■ The data
-*-*-

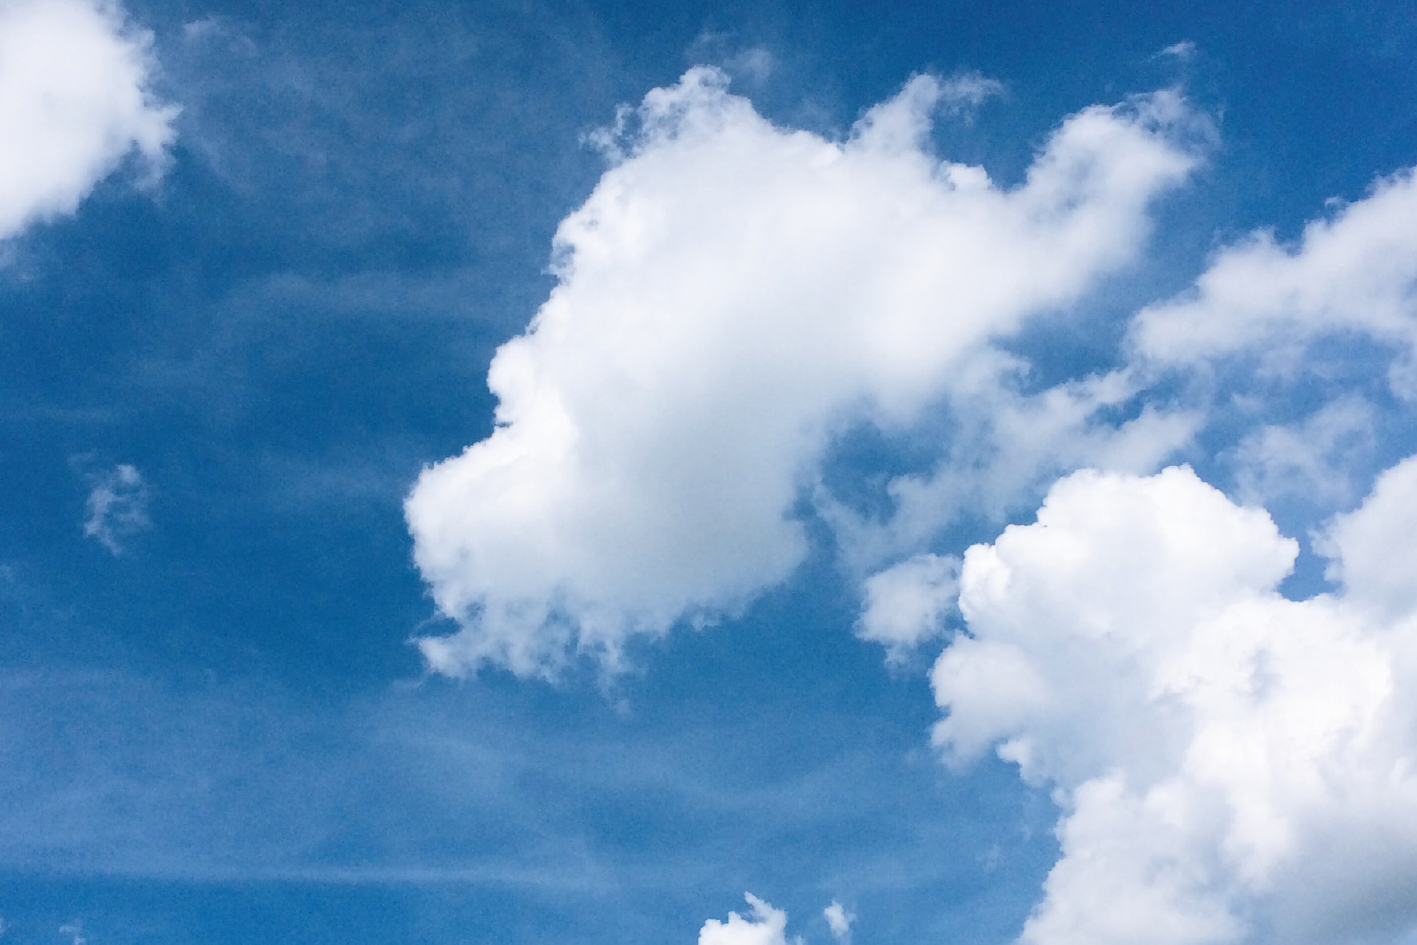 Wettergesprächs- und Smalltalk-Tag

-*-*-

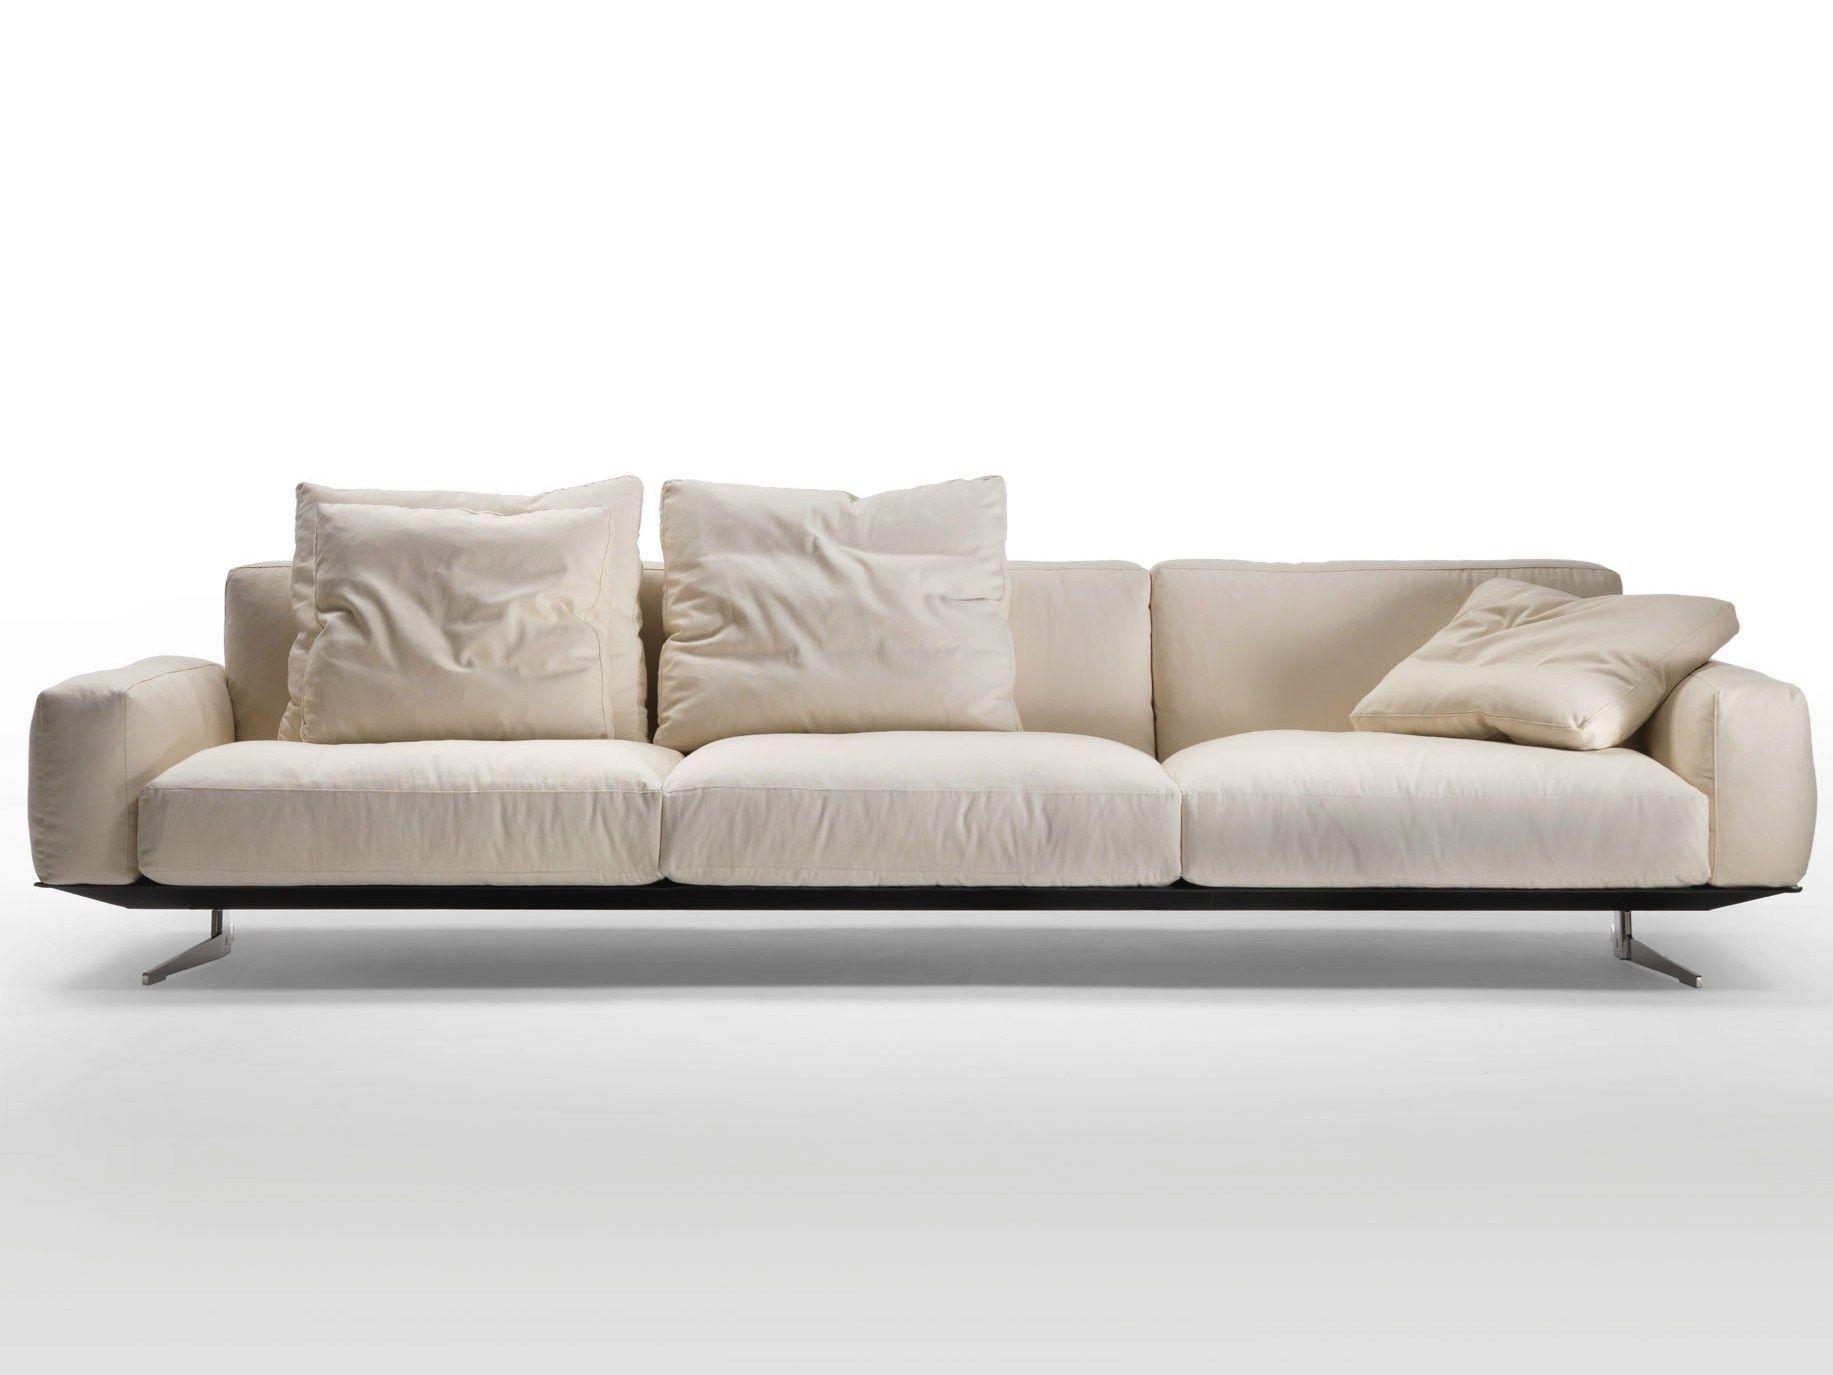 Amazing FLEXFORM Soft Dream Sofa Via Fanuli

-*-*-

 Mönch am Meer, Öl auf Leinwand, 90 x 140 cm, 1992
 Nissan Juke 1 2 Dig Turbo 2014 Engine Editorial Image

-*-*-

■ Task requirements
In the listing above, find the line with "Mönch am Meer, Öl" and the line with "Nissan Juke 1", then print exactly those lines and every line between them.

■ Exercise response
 Mönch am Meer, Öl auf Leinwand, 90 x 140 cm, 1992
 Nissan Juke 1 2 Dig Turbo 2014 Engine Editorial Image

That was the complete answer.